In an action predicated on section 10(b), plaintiffs must, to adequately demonstrate that a defendant acted with the required state of mind, allege that the defendant made false or misleading statements either intentionally or with "deliberate recklessness." Silicon Graphics, 183 F.3d at 974. Deliberate recklessness is "a form of intentional or knowing misconduct." Id. at 976. Indeed, "although facts showing mere recklessness or a motive to commit fraud and opportunity to do so may provide some reasonable inference of intent, they are not sufficient to establish a strong inference of deliberate recklessness." Id. at 974.

DISCUSSION

The TAC alleges that defendants violated section 10(b) and its implementing regulation SEC Rule 10b-5(a), (b) and (c) by engaging in a scheme to defraud, making false statements, omitting material facts and performing deceptive acts. Plaintiffs must allege and prove six elements regarding each defendant: 1) a primary violation — fraudulent scheme, material misstatement or deceptive course of conduct; 2) scienter; 3) a connection with the purchase or sale of stock; 4) reliance; 5) loss causation; and 6) economic loss. Dura Pharms v. Broudo, 544 U.S. 336, 341-42 (2005). Defendants primarily claim that plaintiffs have not adequately alleged scienter. Each defendant in discussed in turn.

I. Periolat

Defendant Paul Periolat was a salaried employee at VeriFone, who worked as a supply-chain controller at the company's satellite facility in Rocklin, California. Although plaintiffs' own witnesses state that Periolat worked in an accounting department that was chaotic, disorganized, understaffed, and that was overwhelmed by the Lipman acquisition, rendering it unable to retrieve accurate financial data from that subsidiary, plaintiffs' allegations present a strong inference that Periolat acted with deliberate recklessness when implementing the manual adjustments.
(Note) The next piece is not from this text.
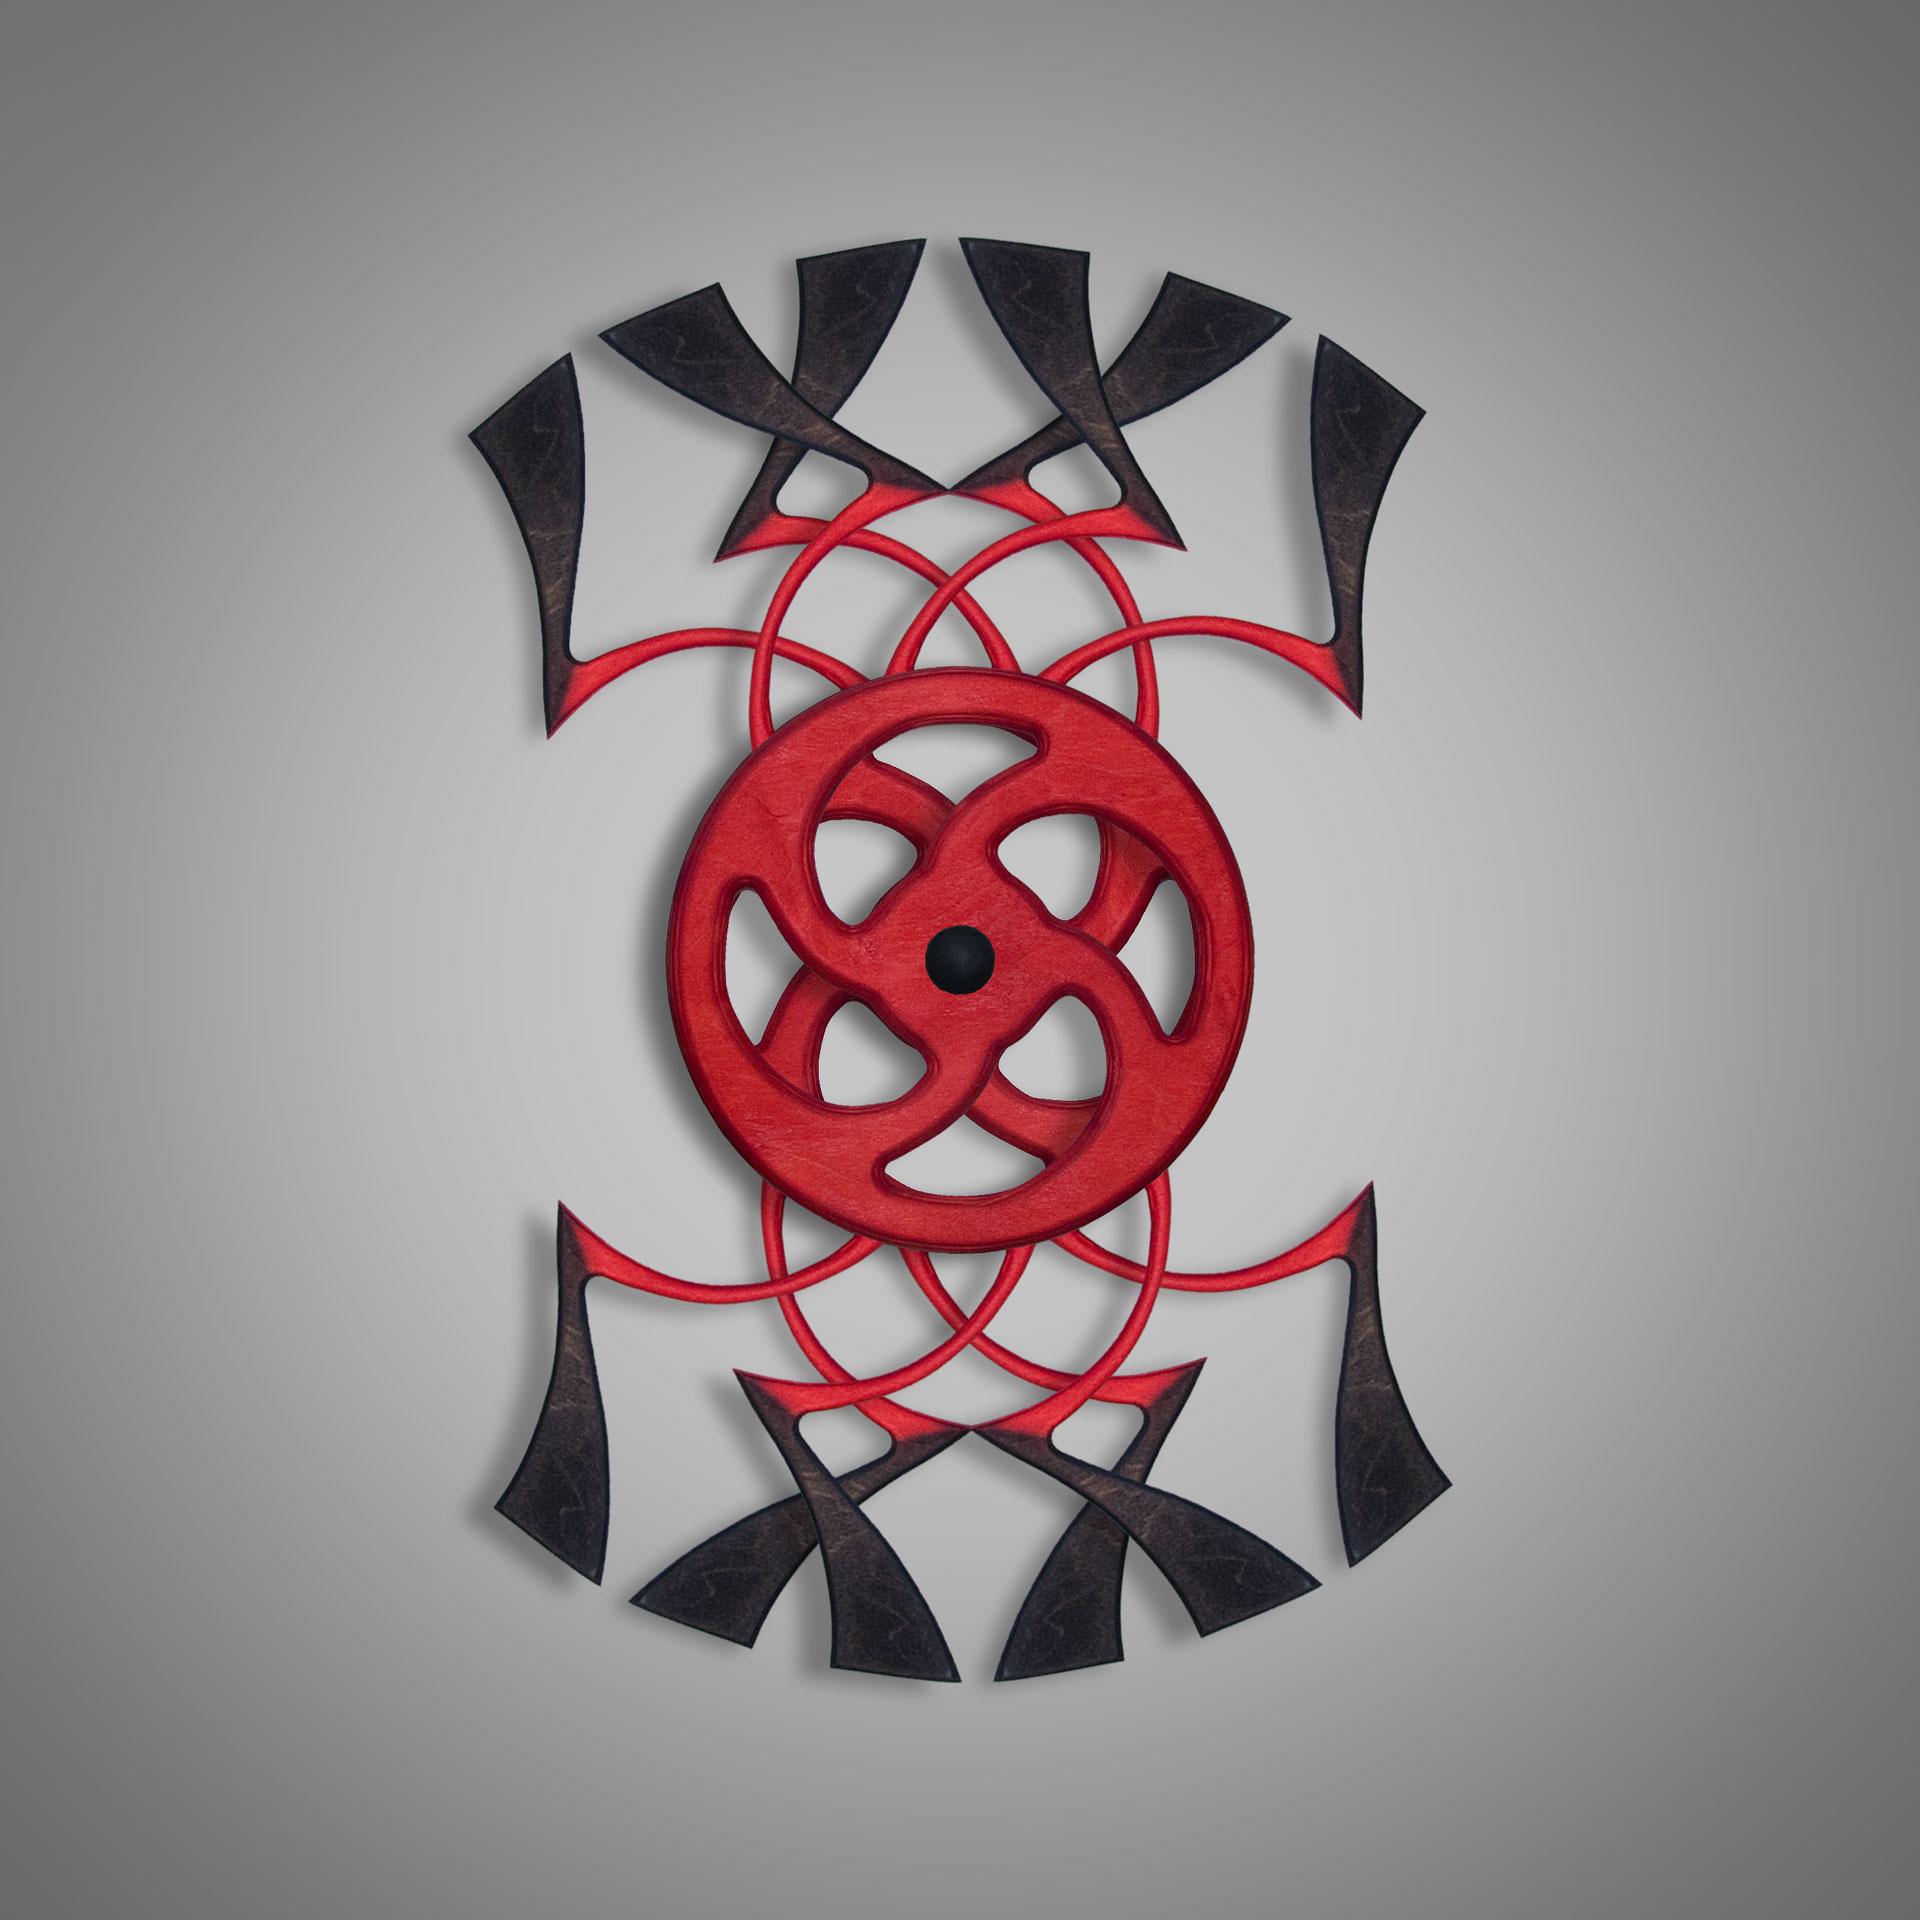 red-inner-reflection.jpg

The deliberate recklessness standard requires plaintiffs to "plead a highly unreasonable omission, involving not merely simple, or even inexcusable negligence, but an extreme departure from the standards of ordinary care, and which presents a danger of misleading buyers or sellers that is either known to the defendant or is so obvious that the actor must have been aware of it." Zucco Partners, LLC v. Digimarc Corp., 552 F.3d 981, 991 (9th Cir. 2009) (quoting Silicon Graphics, 183 F.3d at 976) (internal quotation marks omitted); see Hollinger v. Titan Capital Corp., 914 F.2d 1564, 1568-69 (9th Cir. 1990) (en banc) (citation omitted) ("[T]he danger of misleading buyers must be actually known or so obvious that any reasonable man would be legally bound as knowing, and the omission must derive from something more egregious than even `white heart/empty head' good faith."). Scienter includes "a subjective inquiry" turning on "the defendant's actual state of mind." Gebhart v. Sec. Exchange Comm'n, 595 F.3d 1034, 1042 (9th Cir. 2010).
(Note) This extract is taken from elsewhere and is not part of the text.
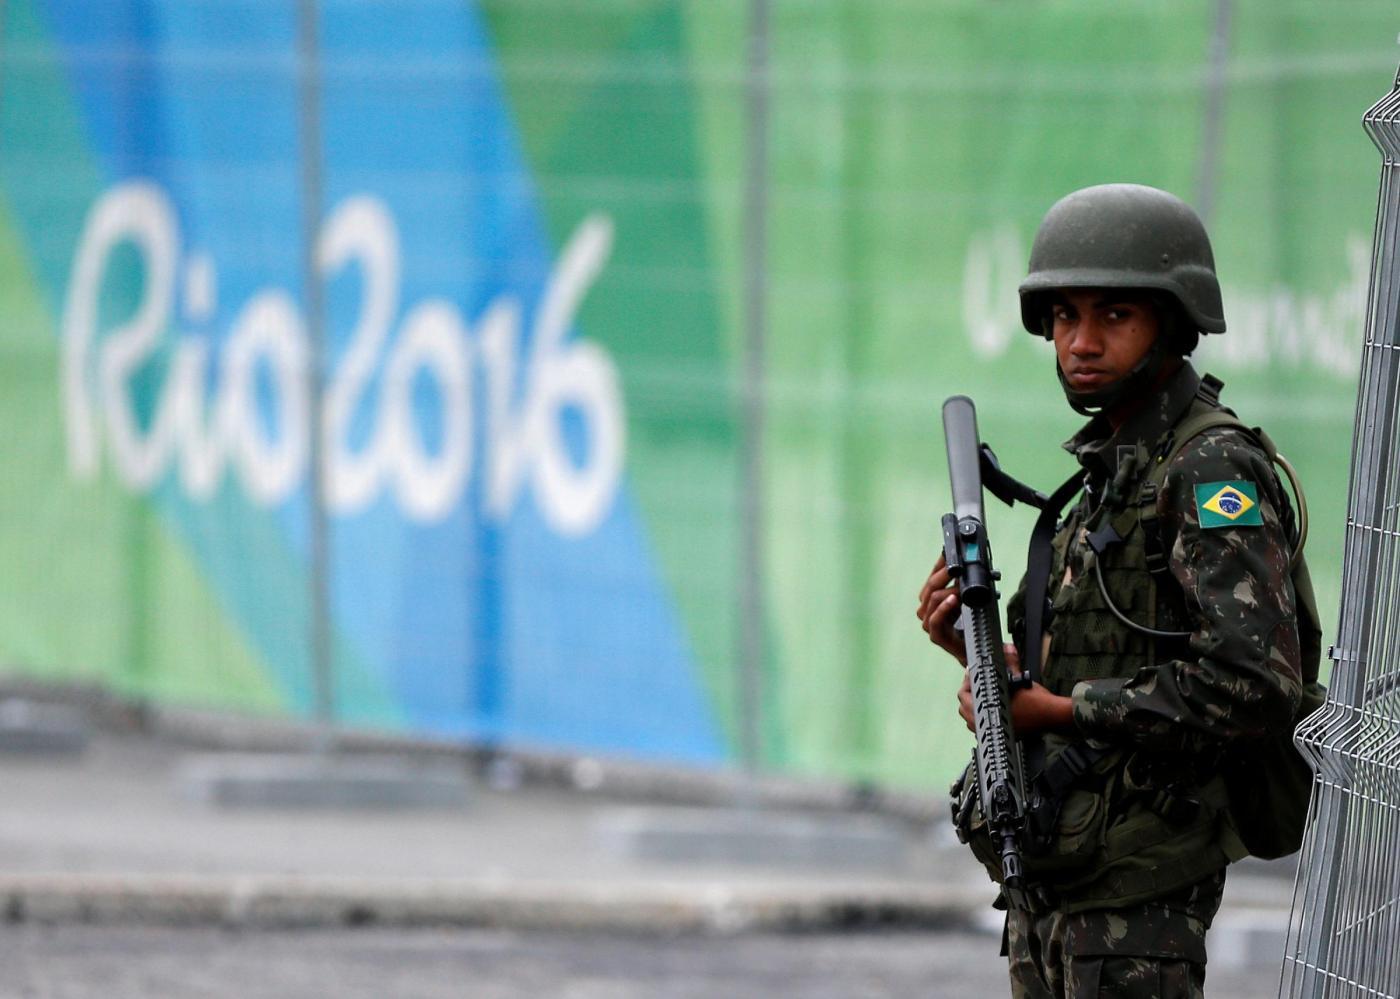 Rio de Janeiro, corpi speciali dell'esercito sorvegliano i siti olimpici

According to the SEC complaint, Periolat made the unsupportable adjustments after VeriFone's internal reporting showed preliminary quarterly results substantially lower than expected. Periolat also ignored information that indicated that his adjustments were incorrect, and repeatedly failed to confirm his adjustments with others at VeriFone who would have realized the adjustments were incorrect. After VeriFone's chief executive officer, Bergeron, and then-chief financial officer, Zwarenstein, sent emails characterizing low gross margins as an "unmitigated disaster" and instructed management to "figure it [and related low results] out," Periolat determined that the discrepancy between the forecast and the preliminary results had been caused by incorrect accounting for inventory by a foreign subsidiary. SEC complaint ¶ 18. Periolat then manually calculated adjustments which increased inventory by approximately $7 million, leading to an increase in VeriFone's gross margin such that it was in line with analyst expectations. Periolat, however, had been aware before making the adjustments that the subsidiary had proper procedures in place for accounting for inventory. Periolat also learned a month after the quarter close that the subsidiary had correctly accounted for inventory at least through the end of the last fiscal year, putting him on notice that his adjustments may have been incorrect. Nonetheless, Periolat did not take steps to verify or correct his prior inventory adjustments.

As had happened at the close of the first quarter, during the second and third quarterly close process, VeriFone's internal preliminary results also reflected lower gross margins than the company's forecasts for both of those quarters. For the second quarter, Periolat manually adjusted inventory to account for $10.6 million in inventory shipped from overseas that was "in-transit" to the United States. He repeated this process for the third quarter ending July 31, 2007, increasing inventory by a total of approximately $20 million. There was, however, no reasonable basis for the manual entries because this inventory was never actually shipped between VeriFone's international headquarters and the United States and as a result could not have been "in transit." In other words, Periolat fabricated "in-transit" inventory that did not exist. Manually adjusting upward this nonexistent "in-transit" inventory had the effect of decreasing cost of goods sold (COGS) by a corresponding amount and thus increasing VeriFone's gross margins.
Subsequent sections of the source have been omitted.